**Your task:** Your task is to write out every line of the data exactly. Drop the pictures.

**Information supplied:**
★ ★ ★ ★ ★ ★ ★
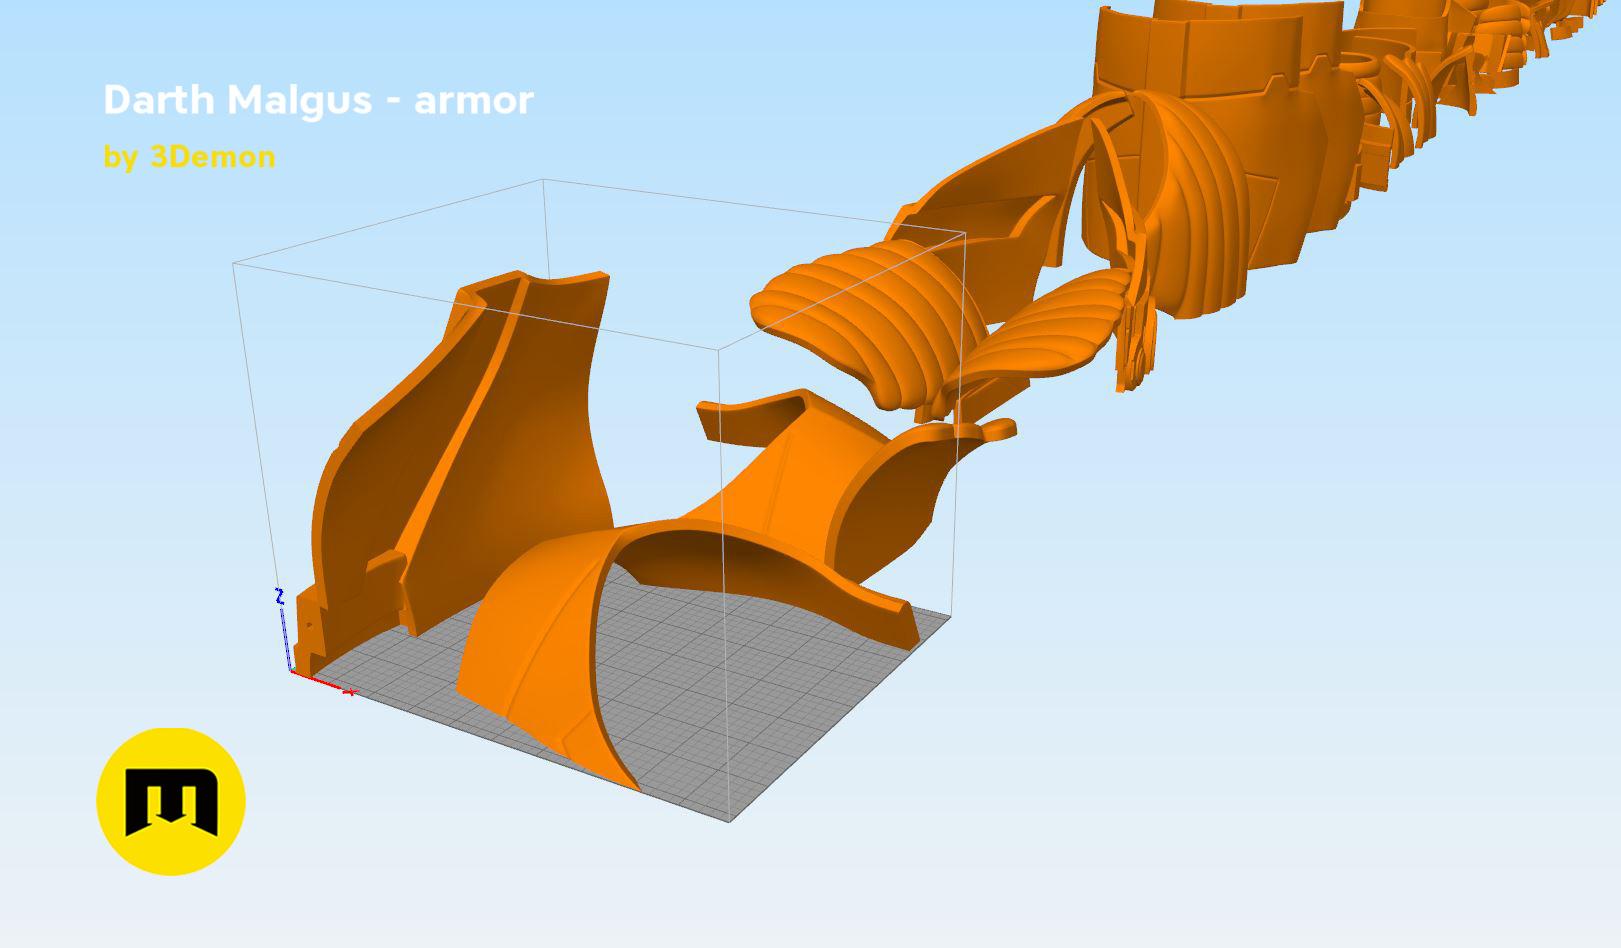 Darth-malgus-parts.jpg Download STL file Darth Malgus's full size armor • Design to 3D print, 3D-mon
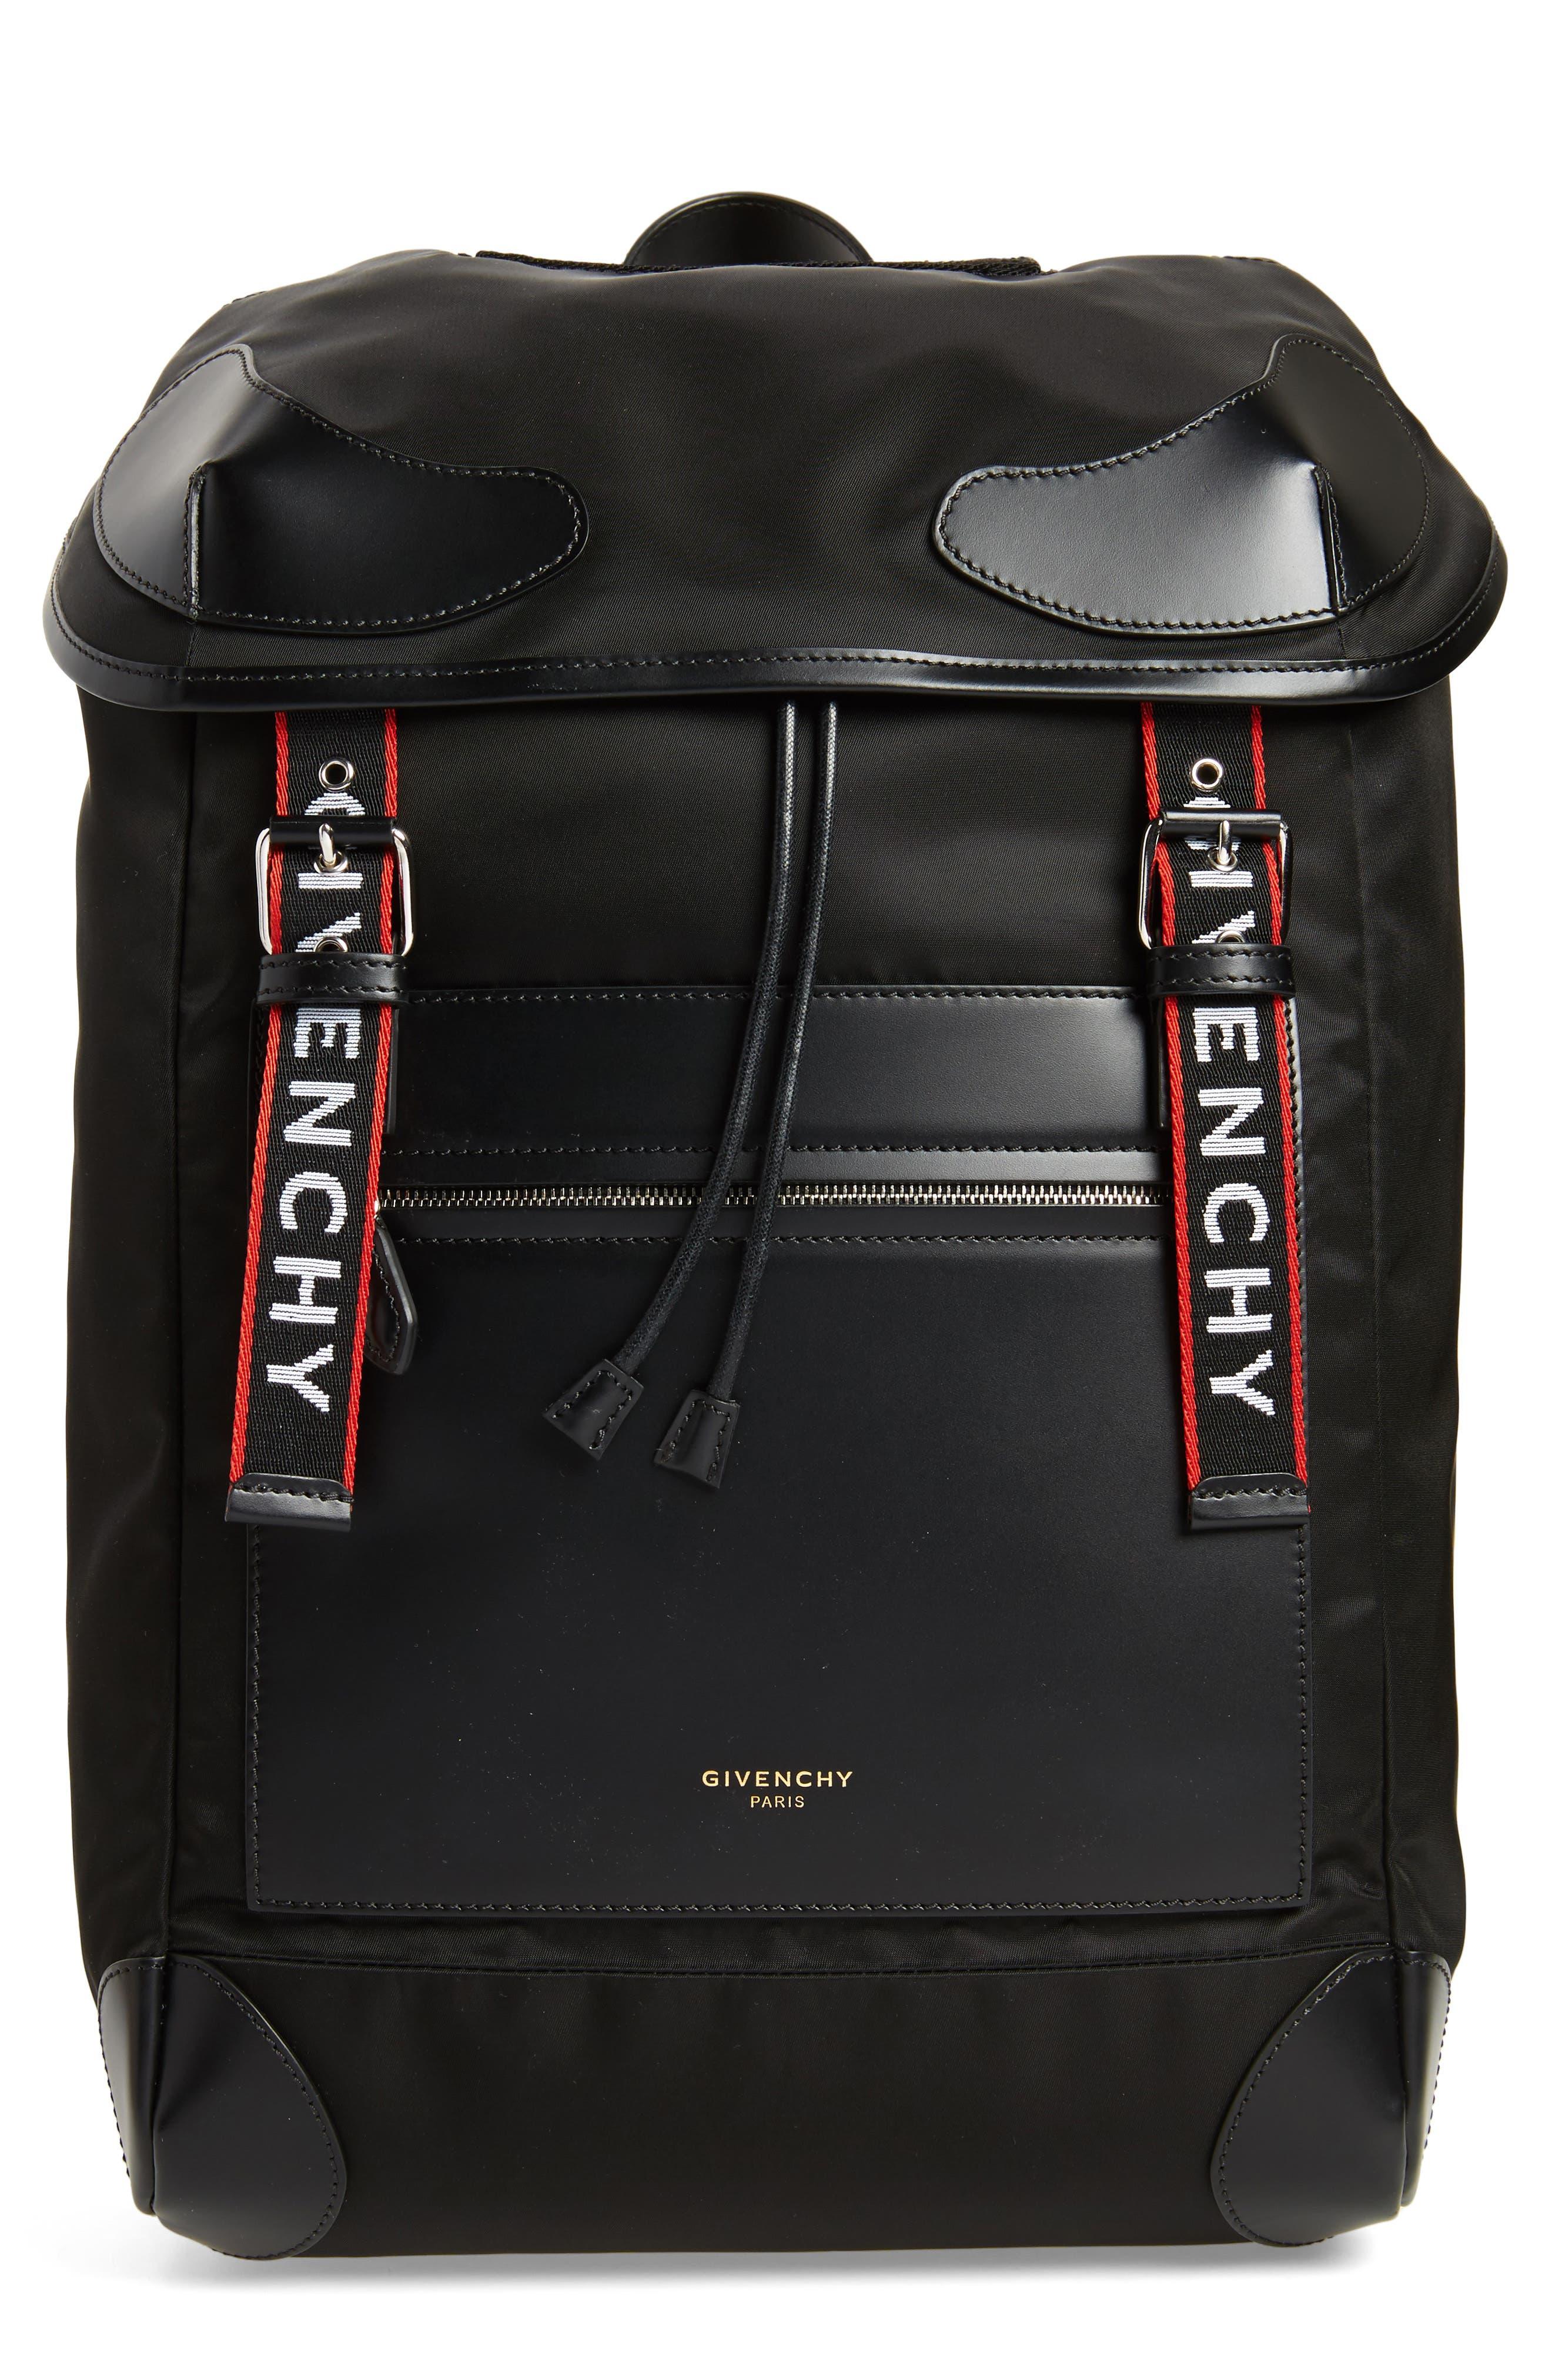 Givenchy Rider Backpack
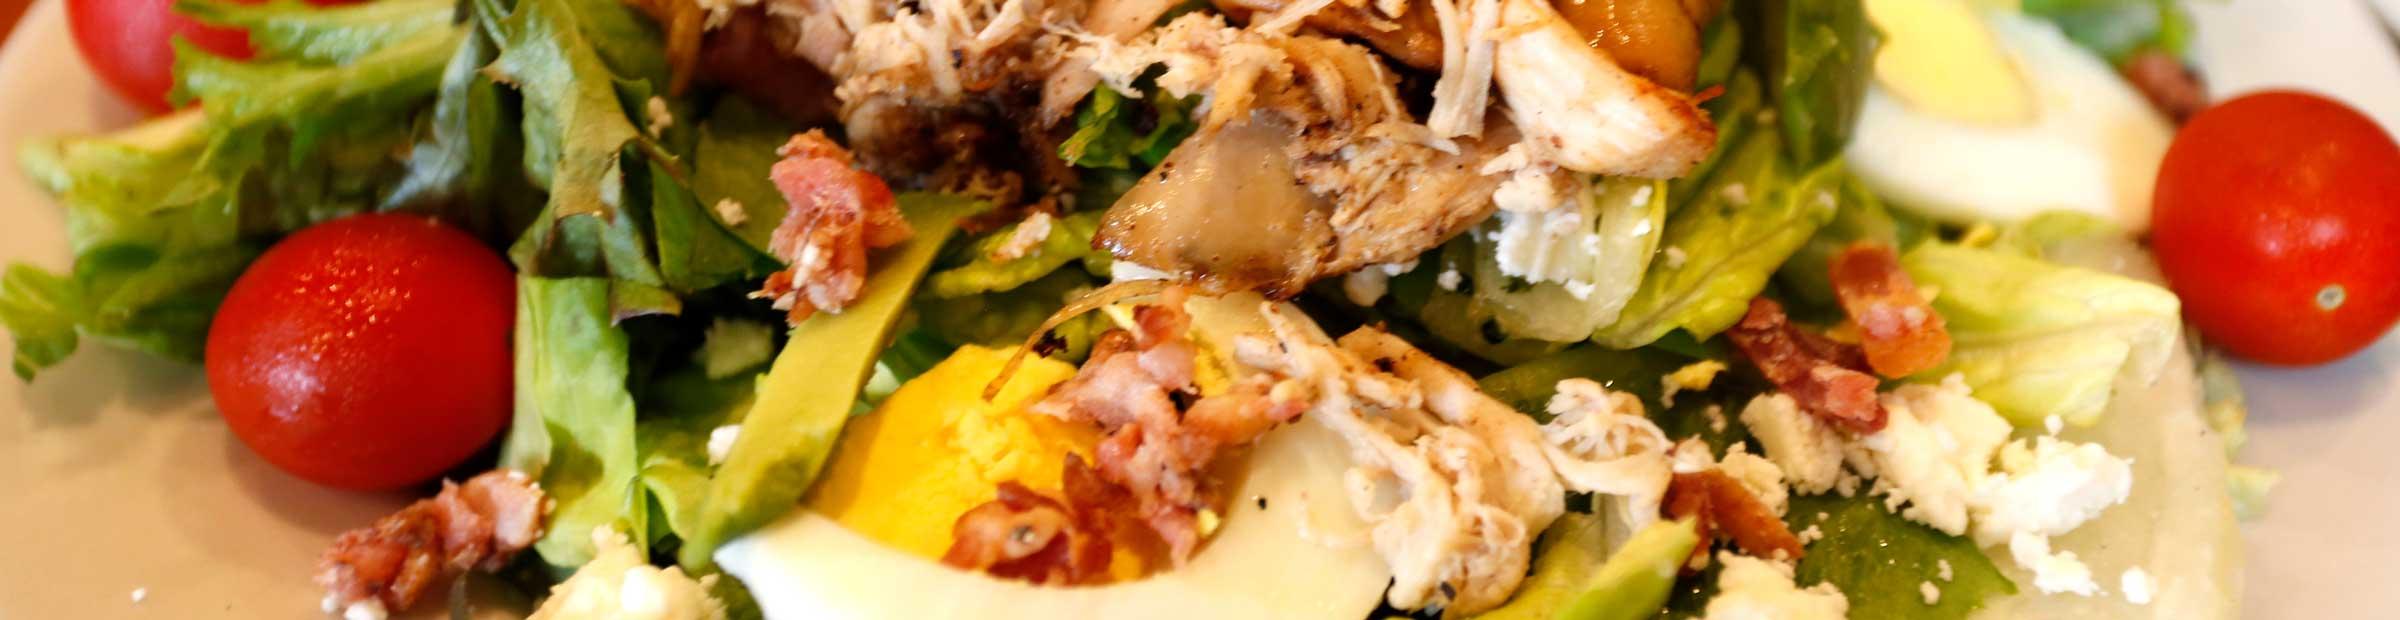 menu-sliver-salad
★ ★ ★ ★ ★ ★ ★
**Problem solution:**
 Darth-malgus-parts.jpg Download STL file Darth Malgus's full size armor • Design to 3D print, 3D-mon
 Givenchy Rider Backpack
 menu-sliver-salad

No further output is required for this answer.